Cascading component relationships

Decision making variables

Change in irrigation requirements, crop yields, and energy use as well as response to drought mean that the FEW nexus in Arizona agriculture is sensitive to temperature change. Unfortunately, temperature increase results in negative effects across the agricultural system, so strain and failures compound problems and make farming less viable. Impacts from climate change may be especially difficult for farmers with low profit margins and crops that use the most water, like alfalfa and cotton. Interruptions to energy and water systems resulting in irrigation termination have direct impacts on the yield of some crops over a short term period, but must be of an extended duration on the scale of months to threaten crop viability. Arizona crops are already grown outside their ideal growing temperatures, and increased heat would bring them closer to a lethal failure point, reducing yield along the way. Electricity and water delivery infrastructure, already stressed by high loads and heat, face additional demands to supply irrigation for agriculture, which increases the likelihood of interruption and in turn raise subsequent demand.

Failures in the Arizona FEW nexus could cause disruptions throughout the Southwest as food supply chains for urban centers like El Paso, Los Angeles, and San Diego shift. There is also the potential for cascading impacts because these cities have their own exports which might be disrupted. As cities throughout the Southwest look to meet their own local demands, there may be a significant change in food supply across the region. Regardless of potential systematic failures and reductions in crop yields, it is very likely that consumptive water use will increase as average temperature increases. Sustainable food supplies in Phoenix and Tucson, as well as other agriculturally productive regions of the Southwest, will require a greater amount of water drawn from sources that are already strained. It is unlikely that Arizona will be the only state with agriculture that suffers from the predicted impacts of climate change, especially given the threat of long-term and severe drought in the Southwest considered likely under the RCP 4.5 and RCP 8.5 scenarios (Cook et al 2015). Challenges facing other regions reliant on the Colorado River Basin, including southern California, would compound any disruptions to Arizona's agriculture, especially if prolonged drought required a large-scale shift from agriculture to urban water usage (MacDonald 2007). In addition to causing increased prices, this would significantly reduce the availability of domestically produced food, both of which negatively impact regional food security. Several cities in the Southwest rely on Arizona for a substantial proportion of their animal feed or livestock, so reduced capacity to meet export demands would also have negative impacts on ranching operations.

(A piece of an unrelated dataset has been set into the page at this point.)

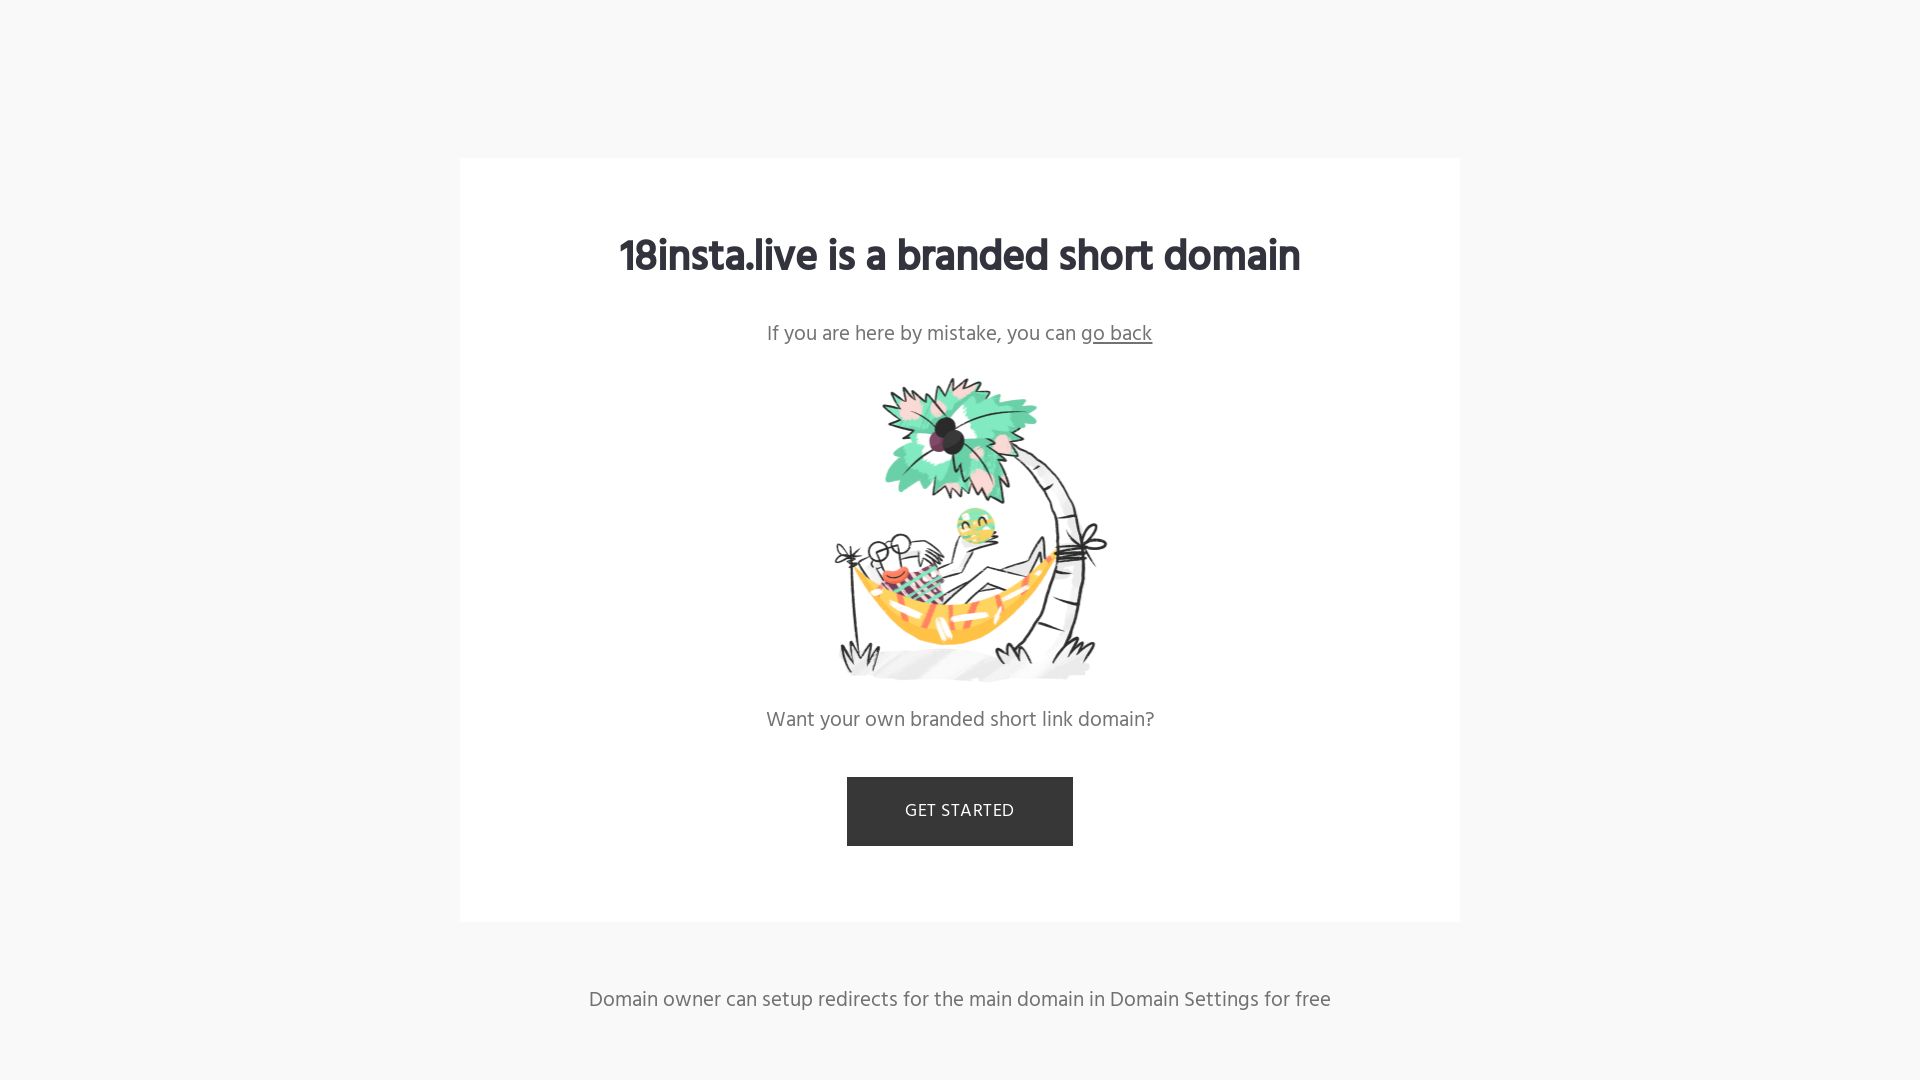 Website status 18insta.live is   ONLINE
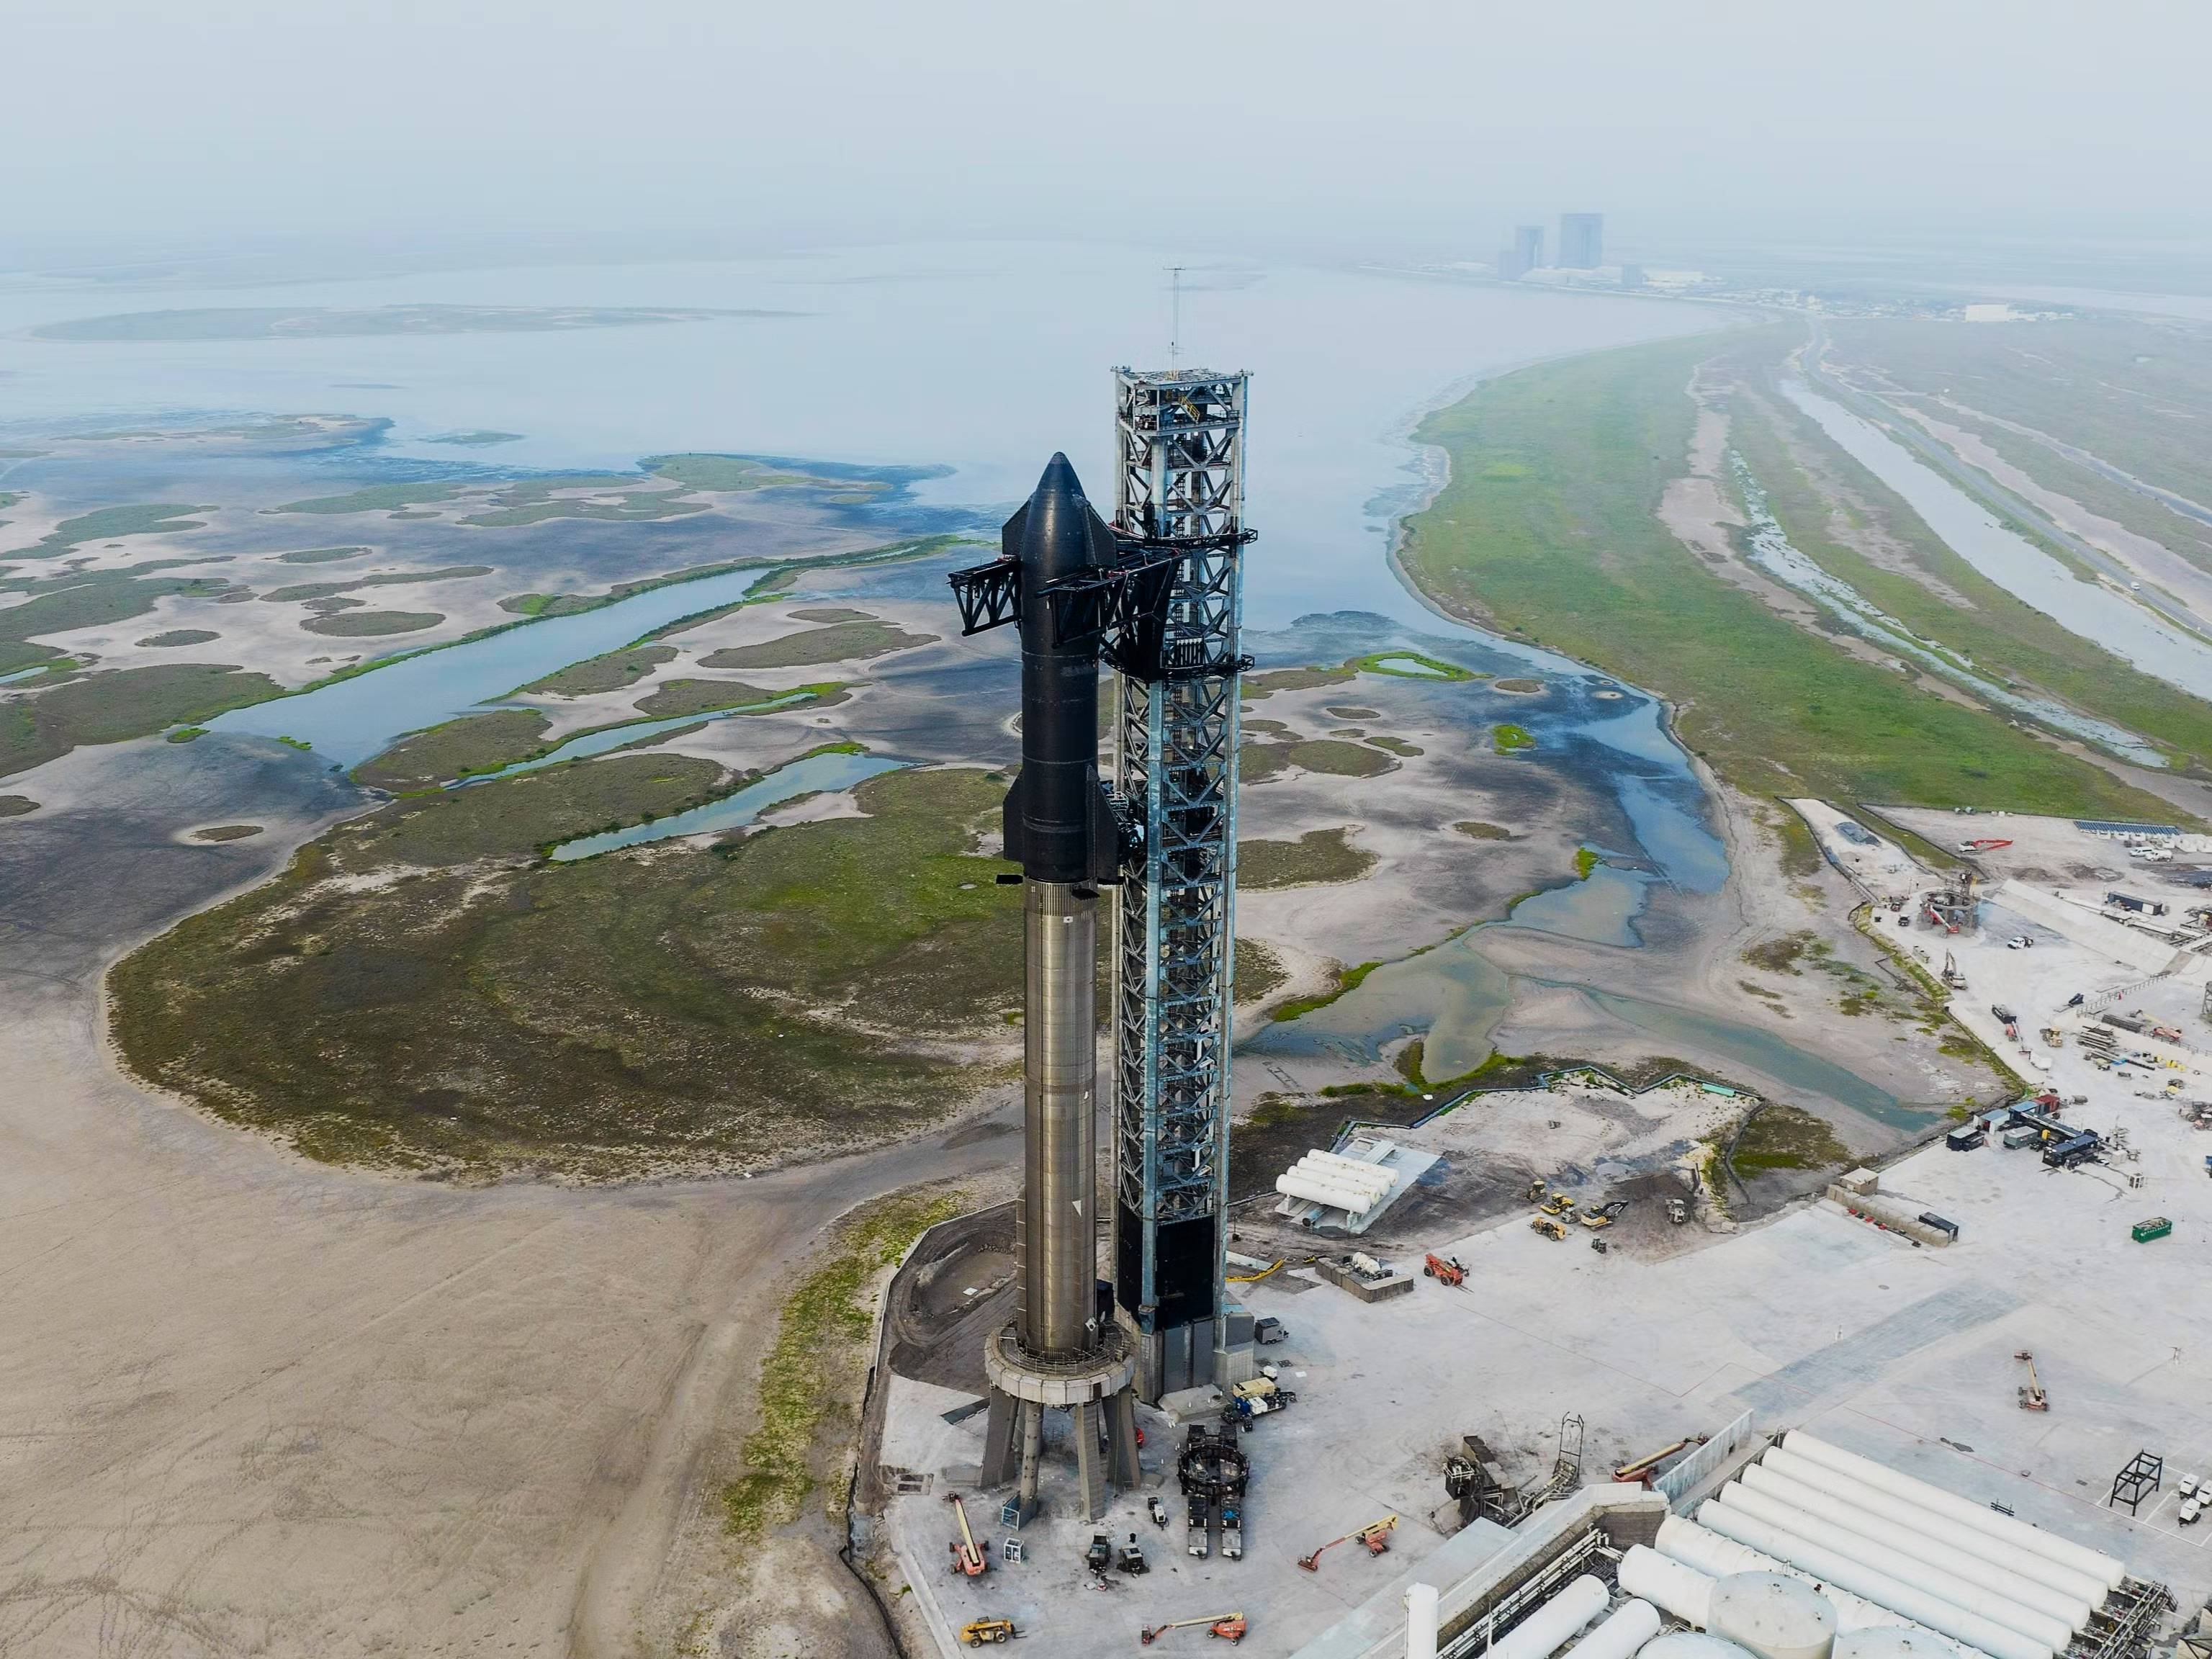 星舰准备发射！马斯克发推表示SpaceX即将进行星舰首次入轨测试 - 哔哩哔哩

The effects of temperature increase could be negative across the entire agricultural system, except for a minor increase in yield for alfalfa and barley followed by decreasing yield at higher temperatures. The primary way in which failures can cascade to agriculture within the FEW nexus is through either water shortage or blackouts preventing irrigation equipment from operating. Understanding the limitations of Arizona agriculture and planning crop choice, planting dates, and irrigation timing are ways that farmers can cope with climate change without significant additional investment. However, if water scarcity becomes an even more significant issue, the damage from temperature increases may be more severe and a large portion of Arizona agriculture may no longer be viable. Agricultural water use can be curtailed to preserve water for metropolitan residents and may be interrupted for this purpose (Gammage et al 2011). We identified scenarios where failures may cascade across the FEW nexus, including the following:

• With increasing temperatures, the rate of evaporation along Arizona's canals and other conveyance infrastructure for water might increase. This decreases the water available for use in the state, potentially interrupting the water supply to agriculture to provide for residential use. About 77% of Arizona cropland relies on irrigation, so complete diversion to urban or residential areas or to serve other needs would cripple Arizona agriculture (Vilsack and Reilly 2014).
• Components of energy and water infrastructure are more prone to failure due to higher temperatures (Bartos and Chester 2015; Burillo et al 2016), increasing the potential for service interruptions that may have adverse effects on crops. Farmers may respond by accepting increased risk, shifting to crops that don't require irrigation, or discontinuing their farming activities.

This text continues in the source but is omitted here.